卢夫人比她气势更盛,她狠辣的眼神径直压过来:

“儿媳早就说过,你要管周迟榆,儿媳不会有意见,可他一旦耽误到柏儿,就休怪儿媳对他不客气!”

“他最好是祈祷他没去云烟楼!”

老太太呼吸一紧,她意识到卢氏的态度坚决,不禁转头看向周塬贵:“榆儿可是你的亲子,你也就由着她乱来?!”

周塬贵皱眉,觉得为了一个庶子折腾到这么晚本就是不值当,还要为此夹在母亲和妻子之间,越发不耐烦:

“娘该知道,一家和睦最忌讳的就是两种声音。”

卢夫人半点不意外周塬贵的回答。

她嫁给周塬贵这么多年,膝下庶出子女未曾间断,但她和周塬贵依旧称得上夫妻和睦,便是这一点原因——他分得清轻重。
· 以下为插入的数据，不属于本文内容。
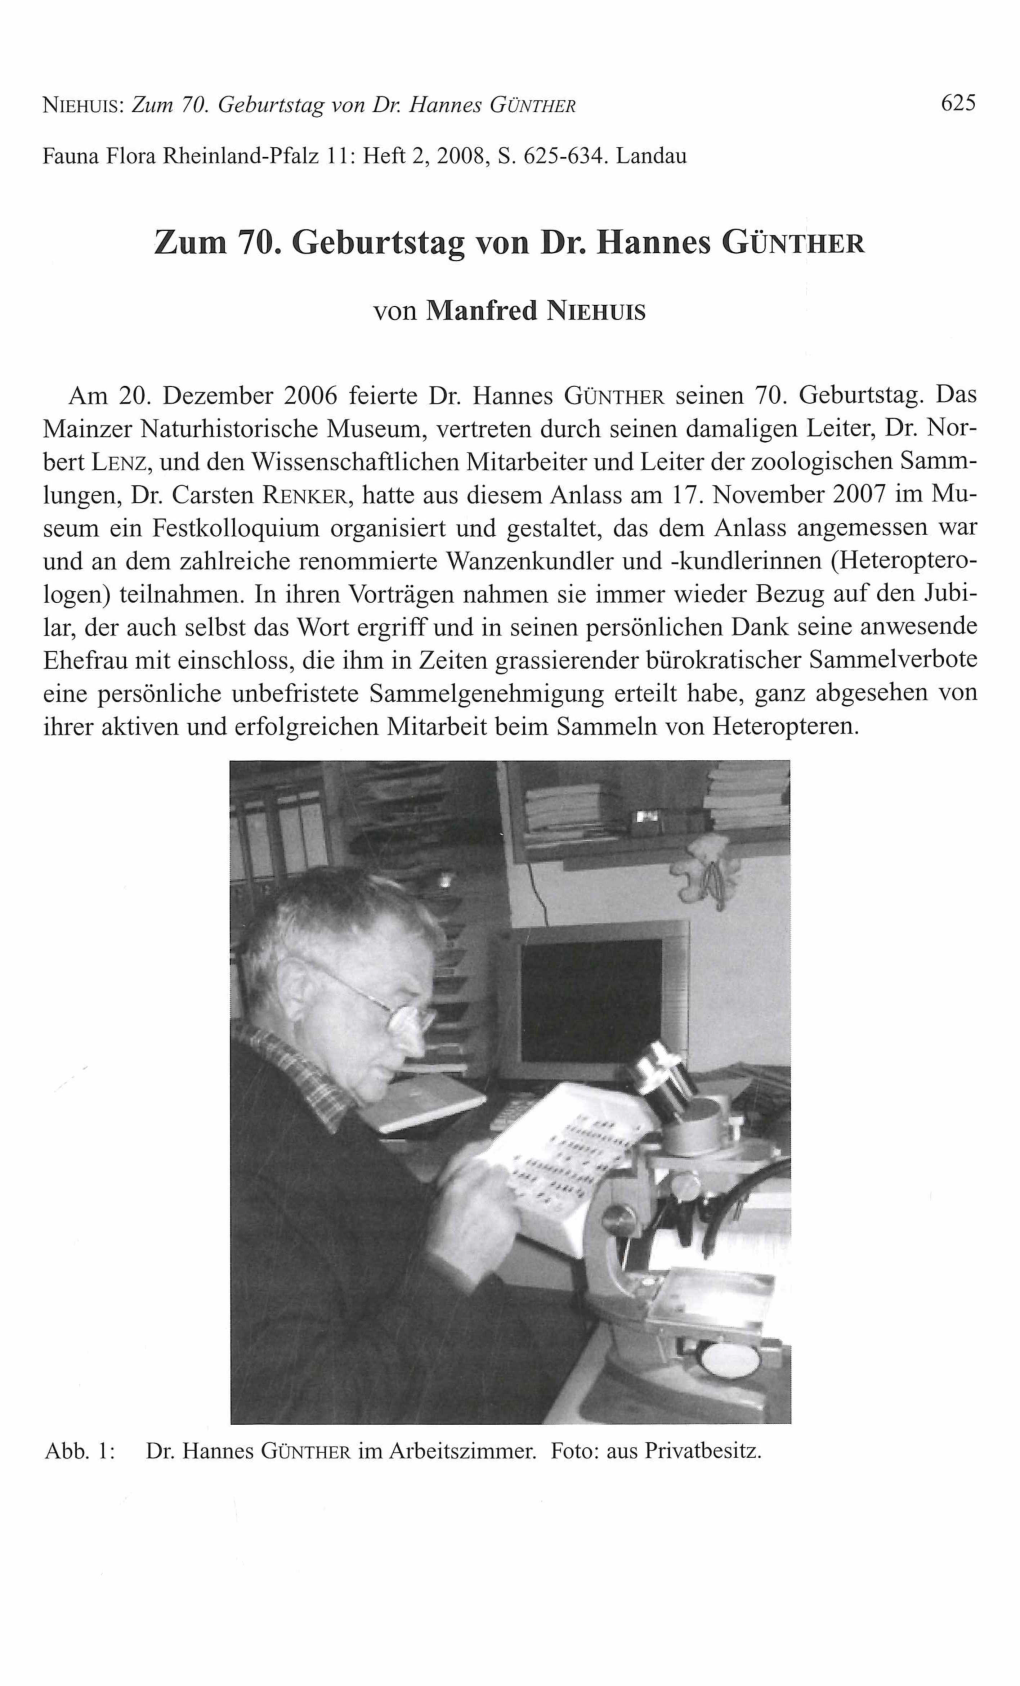 Zum 70. Geburtstag Von Dr. Hannes GÜNTHER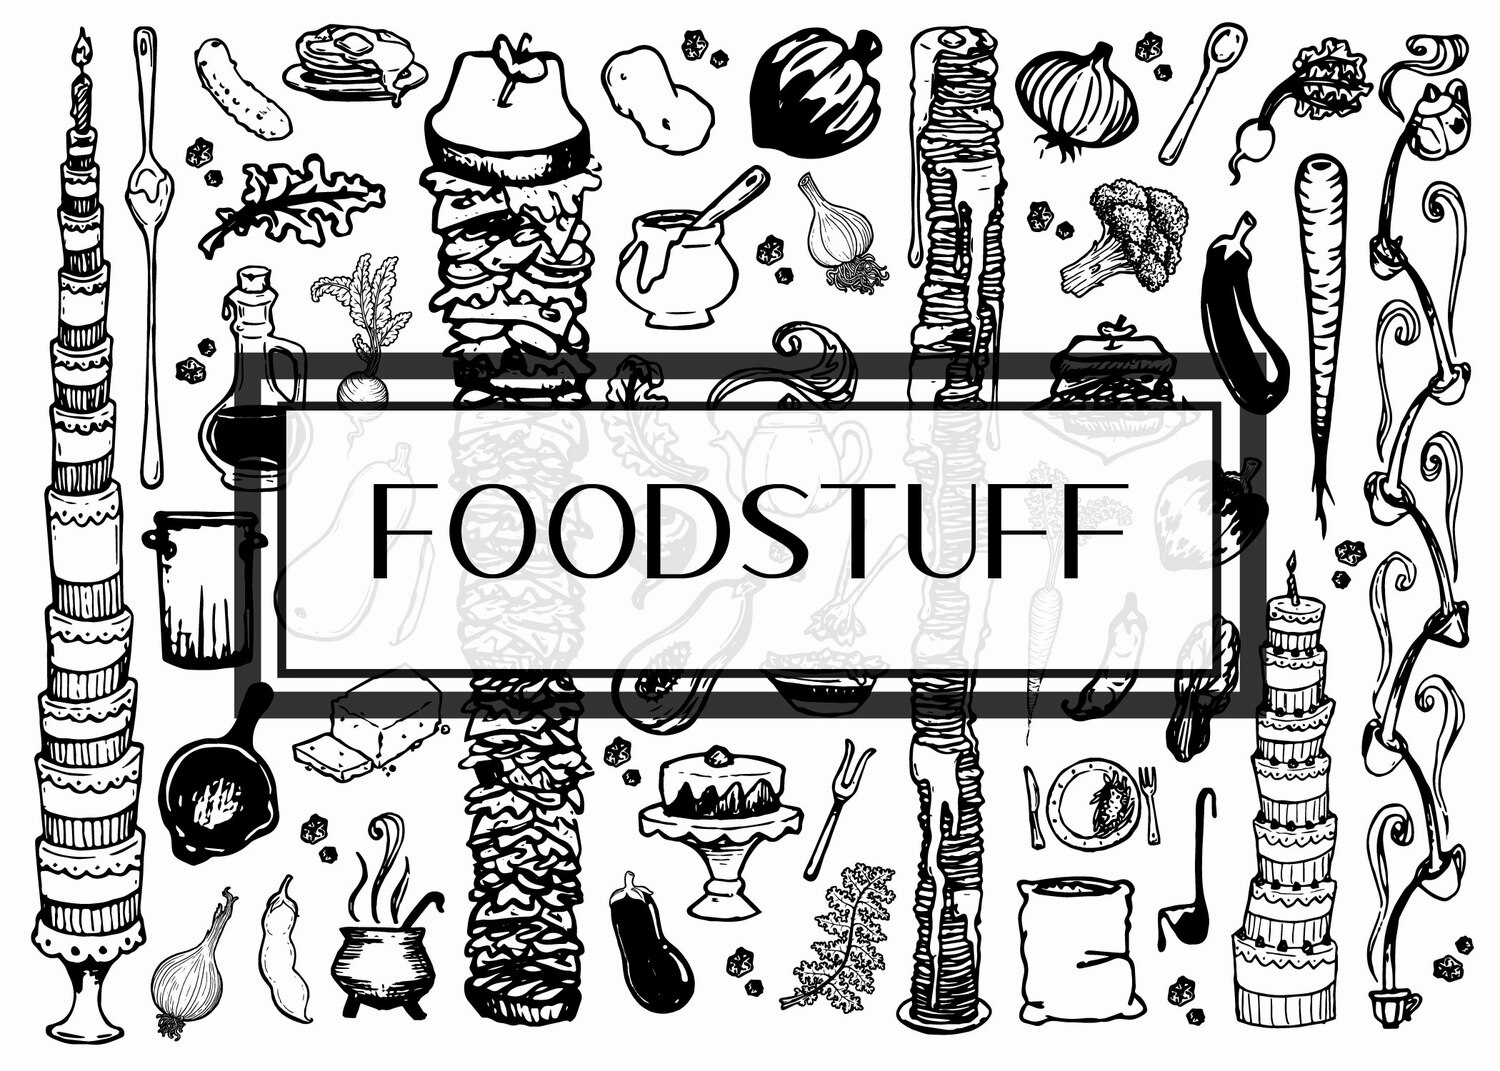 Foodstuff Illustration Set

府中后院,他说是交给她管理,多年来,便不会有一句多嘴,更不会反驳她的意见。

即便是纳妾,也会经过她的同意。

世上男子的劣根太多,她若是计较,这一辈子都要心不平气不和,相对到手的好处,她对周塬贵贪色那一点也就能睁一只眼闭一只眼。

总归她这辈子在乎的东西太多,又不是守着男人过一辈子。

卢氏也抬起头:“娘别忘了,您可不止周迟榆这一个孙子!”

老太太脸色微变,她听得出卢氏话中的威胁,周塬贵是个嫡庶分明严重的,庶出子女捆在一起在周塬贵心里也抵不过周迟柏的分量,这府上最后的继承人只会是周迟柏,而对周迟柏来说,娘亲肯定是比祖母要重要的。

老太太对周迟柏这唯一的嫡孙也是疼爱,但多年来,周迟榆在她膝下待得久一点,她难免会偏疼一点。

她往日也算有分寸,这份偏疼不会越过周迟榆,才叫府中这么多年保持安静和睦。